L'exercice de l'état entre dans la catégorie des œuvres qui nous font mieux comprendre le monde dans le quel nous vivons. Ou si ce n'est mieux, en tout cas différemment.
C'est vrai, elle n'utilise pas pour ça l'allégorie, la satire, ou tout autre figure de style souvent utilisée par les grands cinéastes. C'est plutôt direct, frontal, abrupt. Pour autant, ce qui est de l'ordre de l'artistique n'est absolument pas négligé: l'interprétation est superbe et les idées de réalisation ne manquent pas.

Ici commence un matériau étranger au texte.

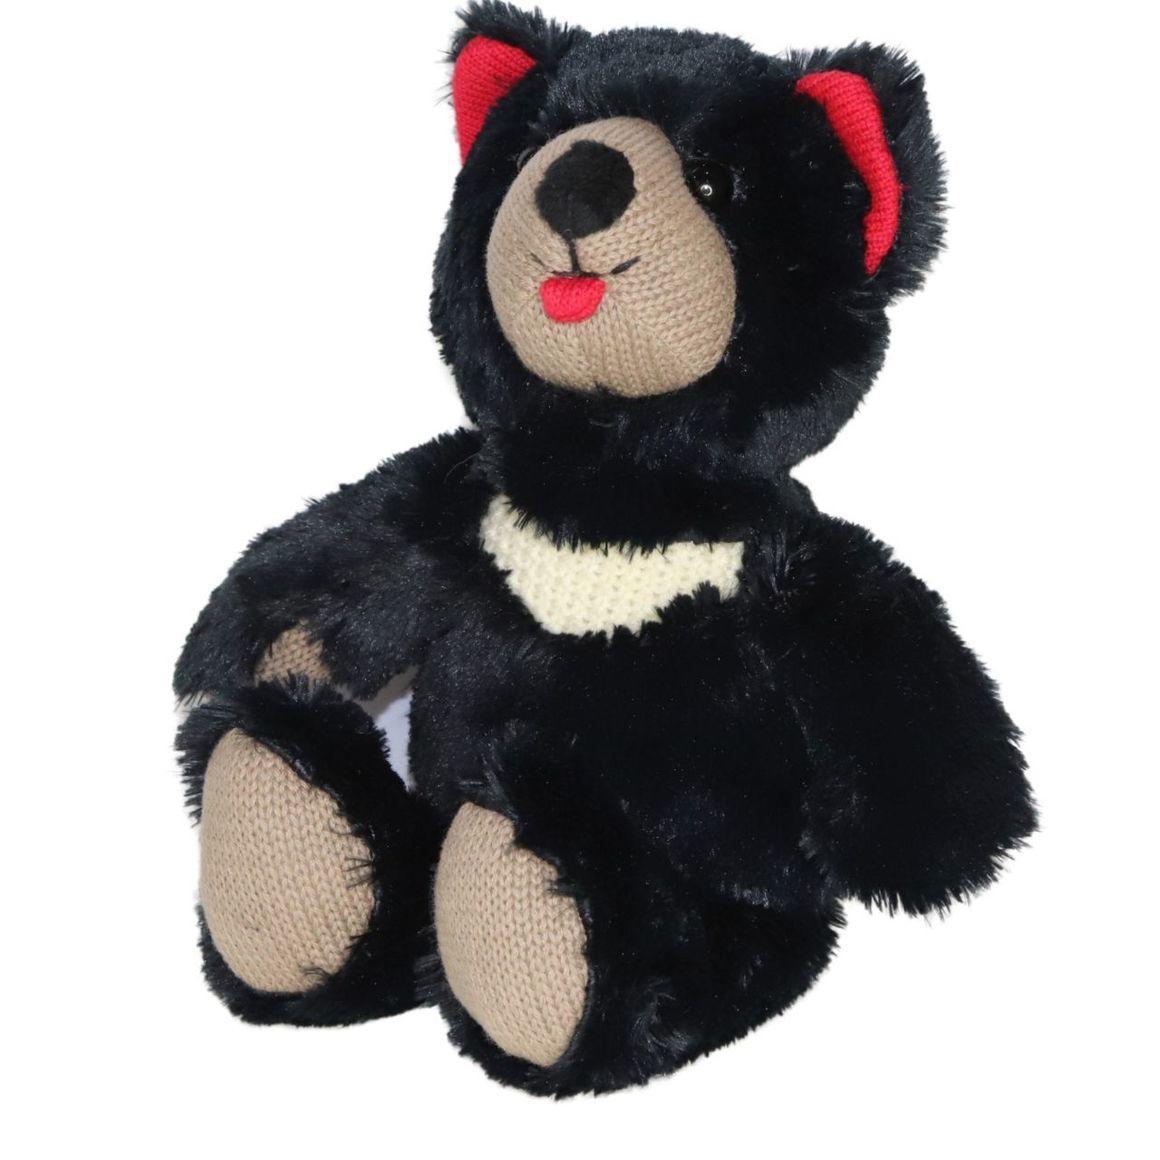 Plush Toy Tassie Devil - Black/Red    Trada Marketplace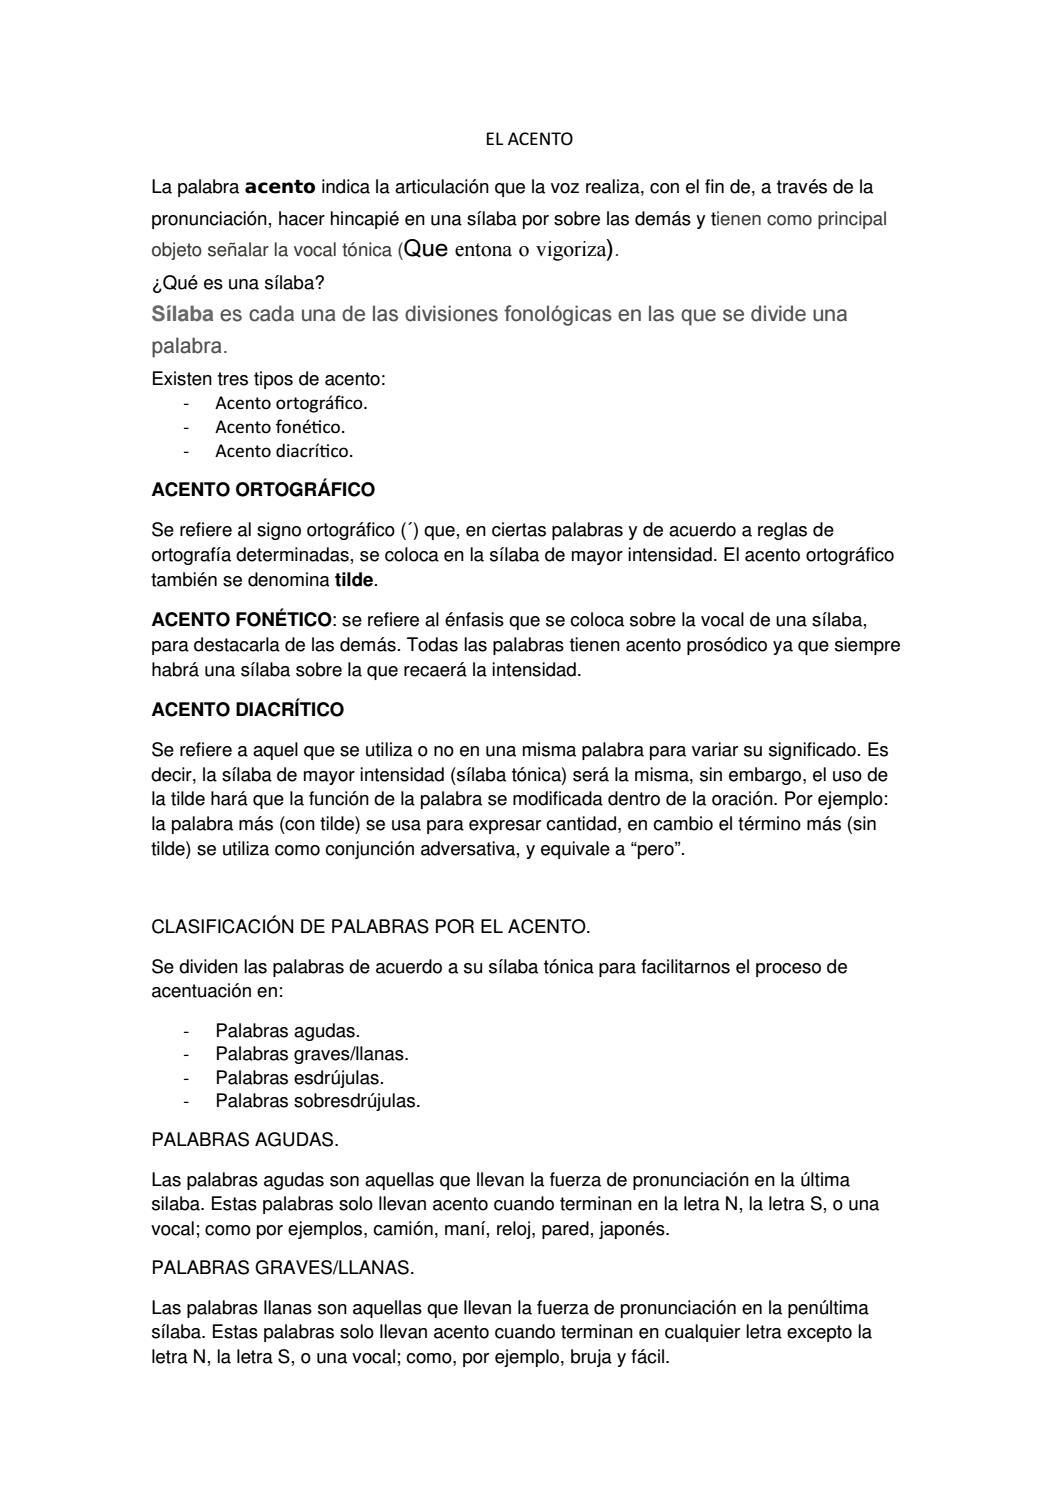 Chriss Acento Encalada Aguilar Informe OrtográficoBy Issuu De yYb7gv6f

La scène onirique inaugurale est inoubliable en plus de comporter un aspect graphique somptueux. La scène de l'accident est elle aussi plutôt mémorable.
Pour en revenir au contenu, deux idées fortes éclaboussent le film d'une grande classe.
La première, assez convenue (montrer un animal politique de l'intérieur) est magistralement écrite.
A tel point qu'on peut presque comparer cet exercice à la série "the west wing", ce qui n'est pas un mince compliment chez moi. Le résultat de cette étude quasi-clinique est confondant. Une nouvelle fois, on se perd en conjectures: comment quelqu'un qui nous ressemble tant peut-il aussi être si diamétralement différent ? En s'approchant au plus près de son sujet, Pierre Schöeller rend son ministre proche et totalement étrange quand à sa façon de vivre. Comment peut-on avoir envie de se lever à 4 heures du matin pour se faire héliporter sur le lieu d'un drame et être confronté à la mort, aux familles éplorées, avant de rentrer sur Paris pour se frotter à un animateur hargneux sur une radio de grande écoute ? Qui pourrait avoir envie de ça ?
La deuxième, plus singulière, fait la force du récit. Elle permet de répondre à la question posée un peu plus haut. Très rapidement, le ministre se confronte à son reflet dans la glace et marmonne un mantra qui constitue la colonne vertébrale de son action. Bertrand de Saint-Jean se considère comme un tigre affamé seul face à tous. C'est ce crédo qui guide son action, sa vie. Et c'est en ce seul sens que cette trajectoire se conçoit
Cela explique les relations de travail basée sur des seuls rapports de force.
Vis-à-vis de ses supérieurs (on exécute les ordres quitte à renier ses plus intimes convictions), vis-à-vis des collègues (lutte classique pour obtenir le leadership), vis-à-vis des subalternes (dont on peut, quelque soient les liens qui vous lient à eux, et quelque soit le niveau d'exigence que vous demandez, se séparer en une fraction de seconde) et vis-à-vis de tous les autres (femme-ombre floue, amis inexistants... "4000 contacts et aucun ami !")
Le pouvoir, quelque soit la forme, garde ses codes. En entreprise, dans l'armée et au gouvernement, les supérieurs sont appelés par des diminutifs attachés à leur fonction. Entendre le premier ministre (le PM) parler du président de la république sous le vocable de "PR", se confondant habilement avec la figure du père, est délectable.
En évitant tous les pièges habituels inhérents à ce genre de production, en contournant tous les clichés, en collant à son sujet avec rigueur et en évitant tout manichéisme, Pierre Schöller réalise un grand film. Une prouesse.